* **Work instructions**
Write out the records in full and without alteration, setting aside their pictures.

Top of Recorded information

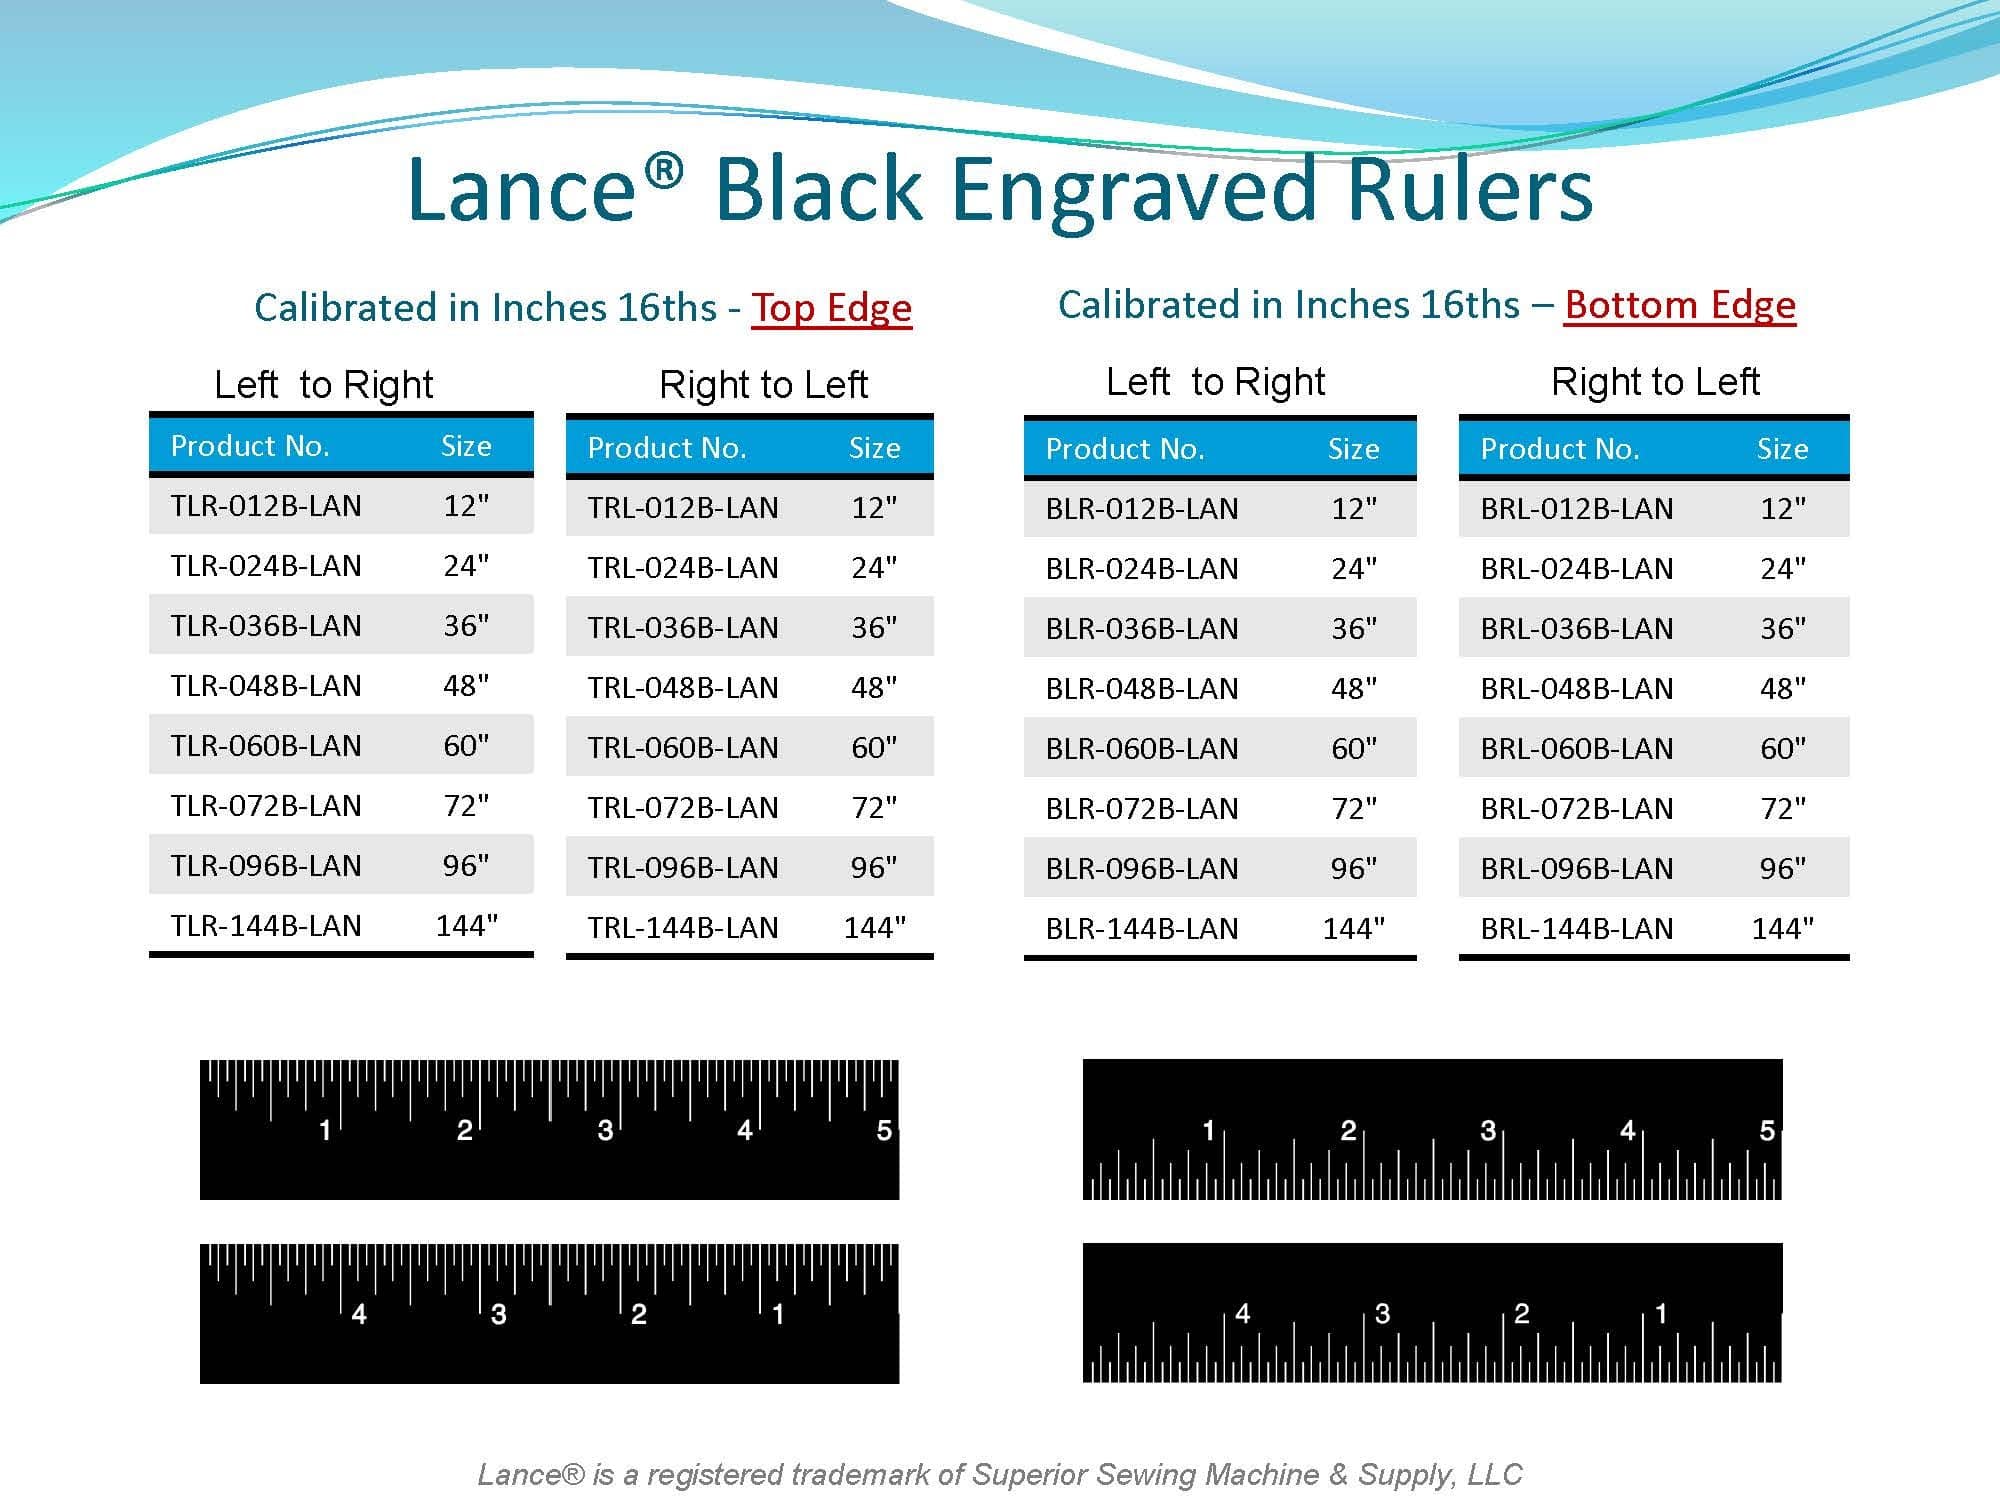 LANCE L-SQUARE  
BLACK ENGRAVED RULERS
CALIBRATED in INCHES or 16ths
TOP EDGE or BOTTOM EDGE
AVAILABLE IN 12" to 144"

Bottom of Recorded information

* **Exercise output**
 LANCE L-SQUARE  
BLACK ENGRAVED RULERS
CALIBRATED in INCHES or 16ths
TOP EDGE or BOTTOM EDGE
AVAILABLE IN 12" to 144"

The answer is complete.